#### [DATA BLOCK]
╔══
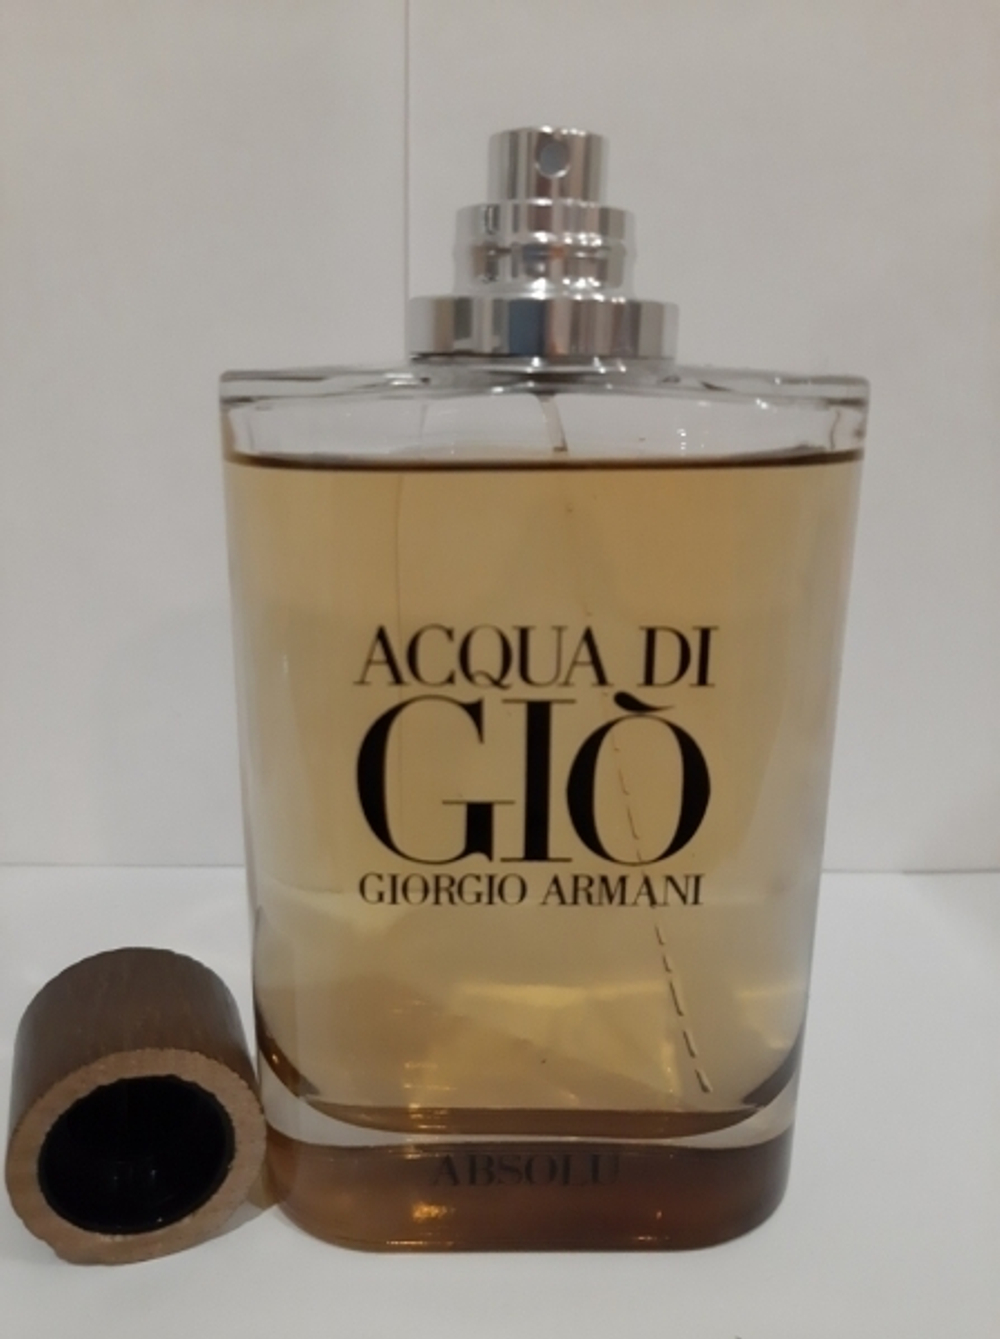 Giorgio Armani Acqua Di Gio Absolu (duty free парфюмерия)
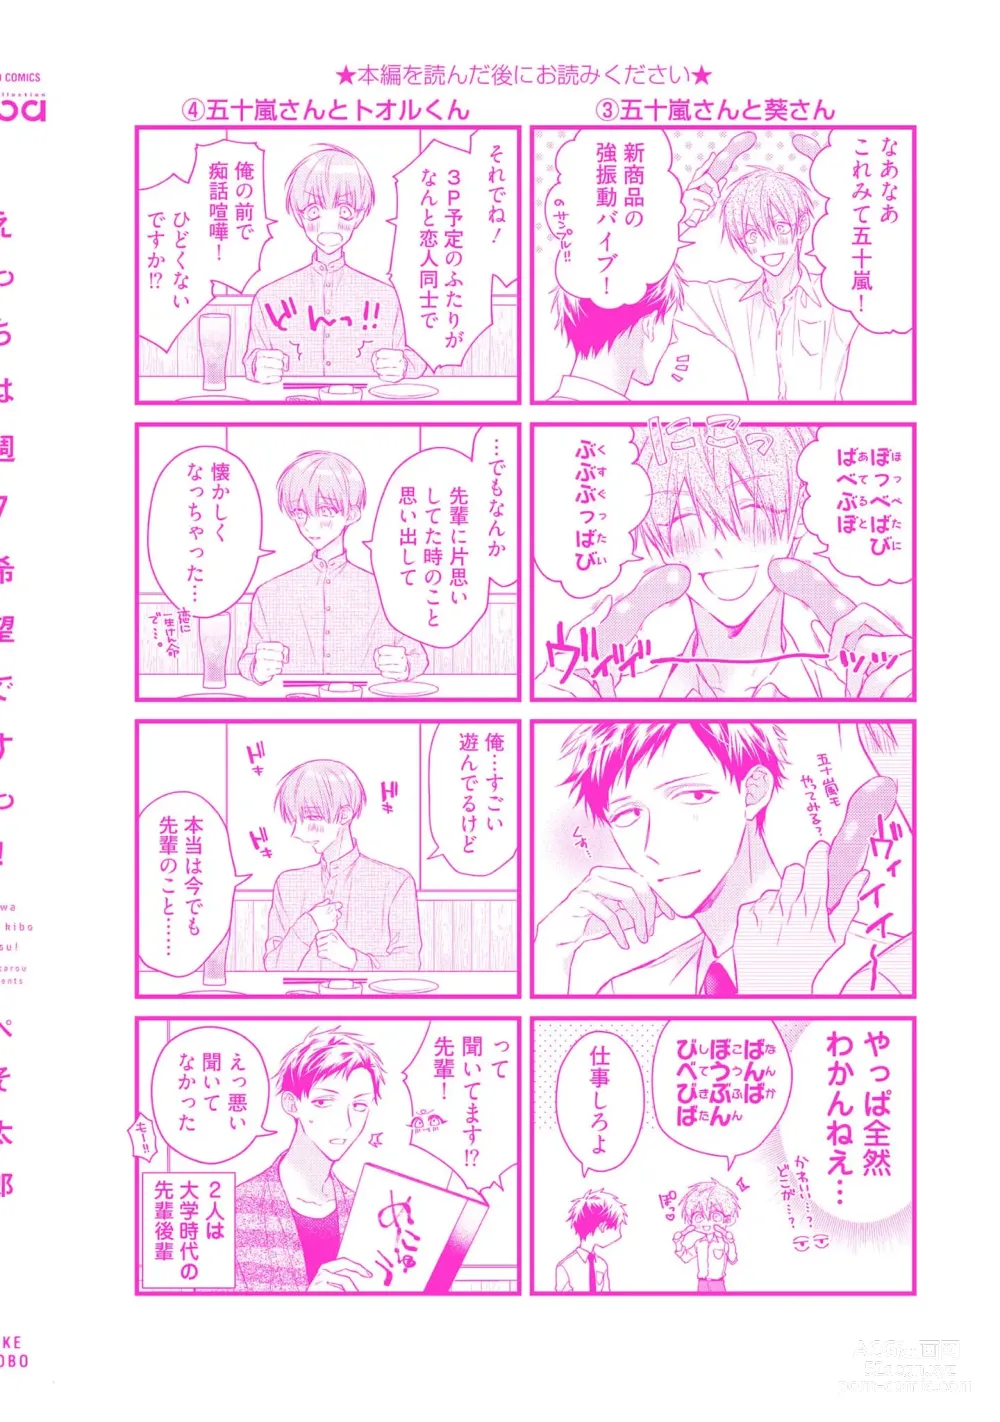 Page 198 of manga Ecchi wa shuu 7 Kibou Desu!
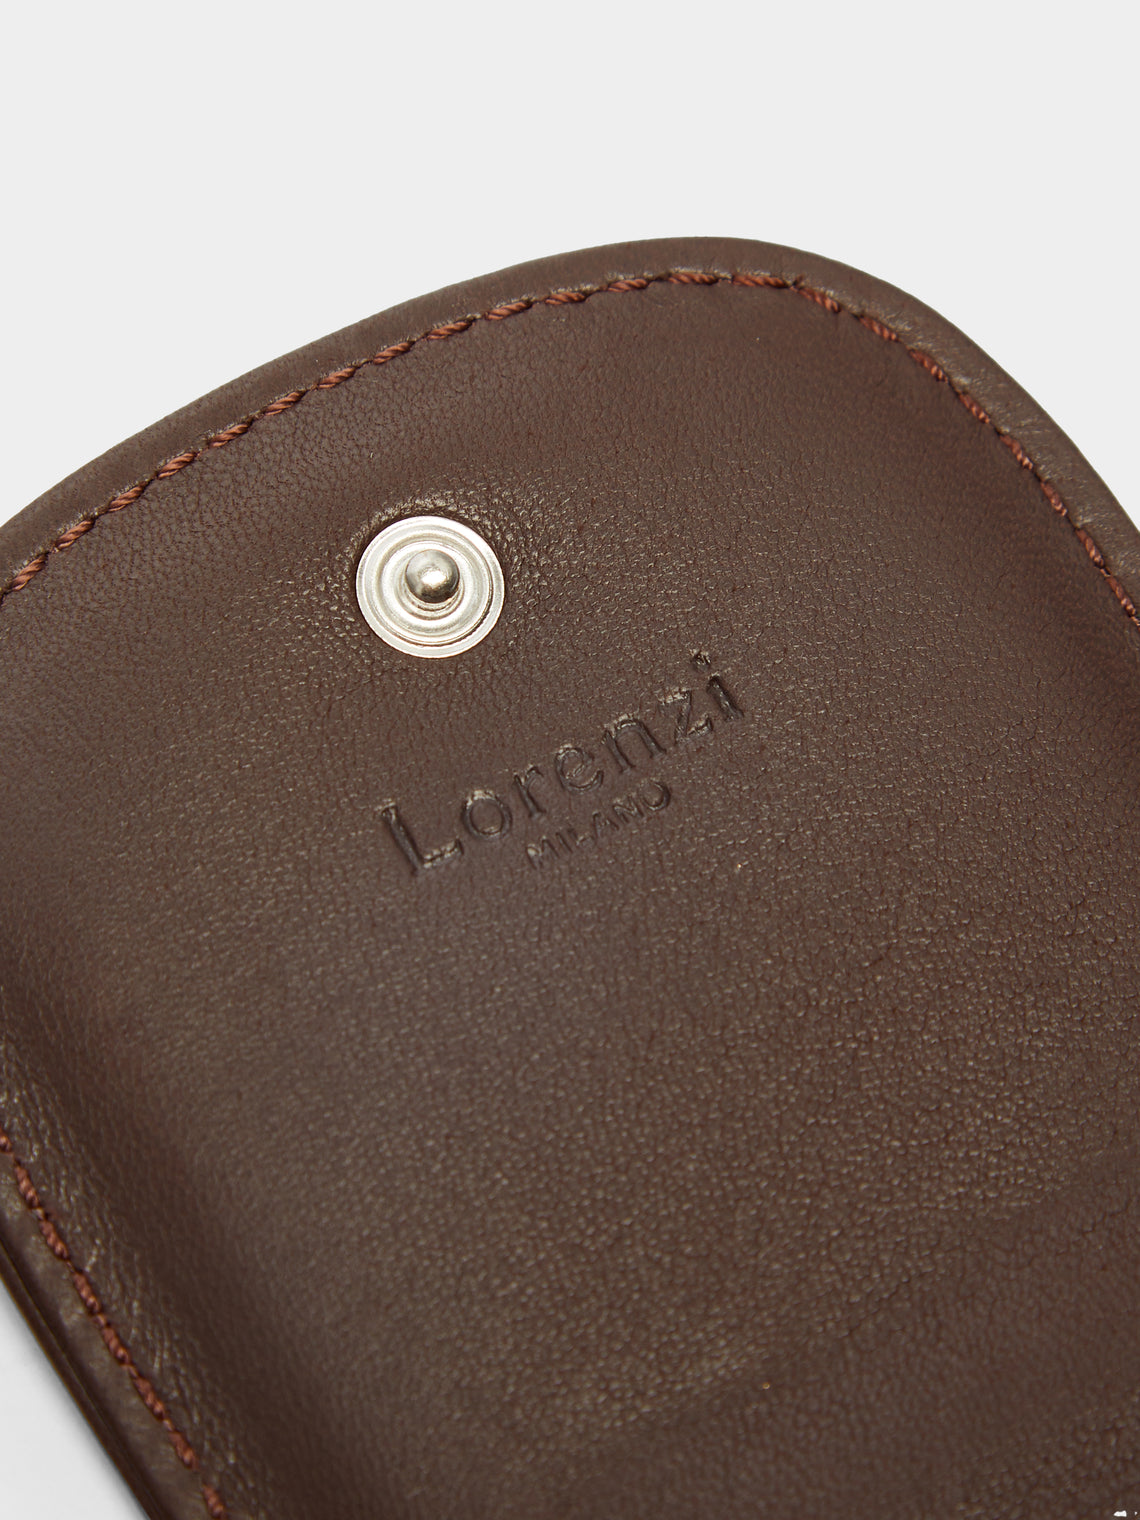 Lorenzi Milano - Leather Travel Manicure Case -  - ABASK
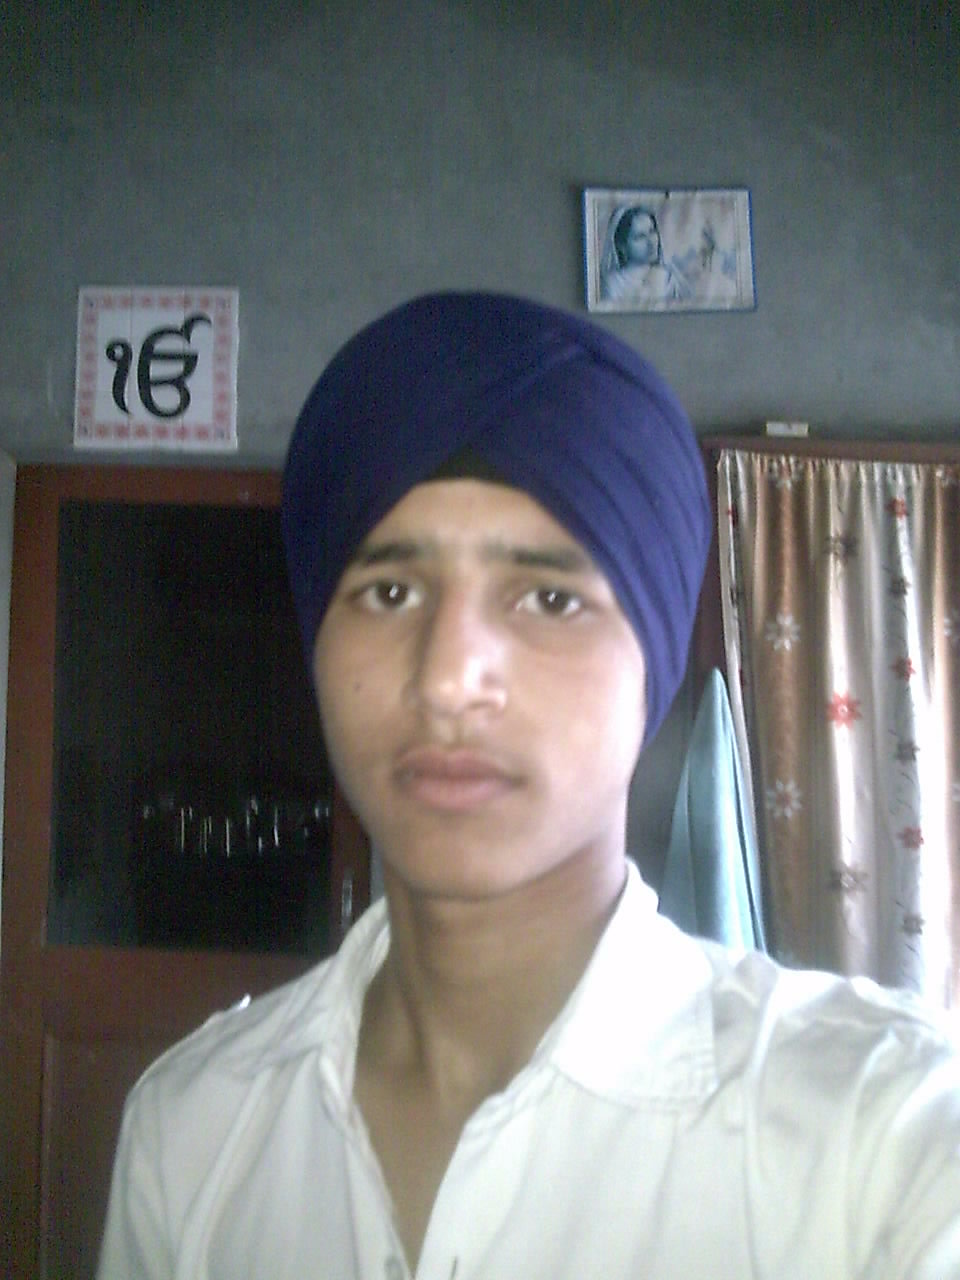 Arshdeep Singh
╚══
#### [TASK STATEMENT]
Reproduce the whole listing above word for word, dropping each image.

#### [OUTPUT FOR THIS TASK]
 Giorgio Armani Acqua Di Gio Absolu (duty free парфюмерия)
 Page 198 of manga Ecchi wa shuu 7 Kibou Desu!
 Lorenzi Milano - Leather Travel Manicure Case -  - ABASK
 Arshdeep Singh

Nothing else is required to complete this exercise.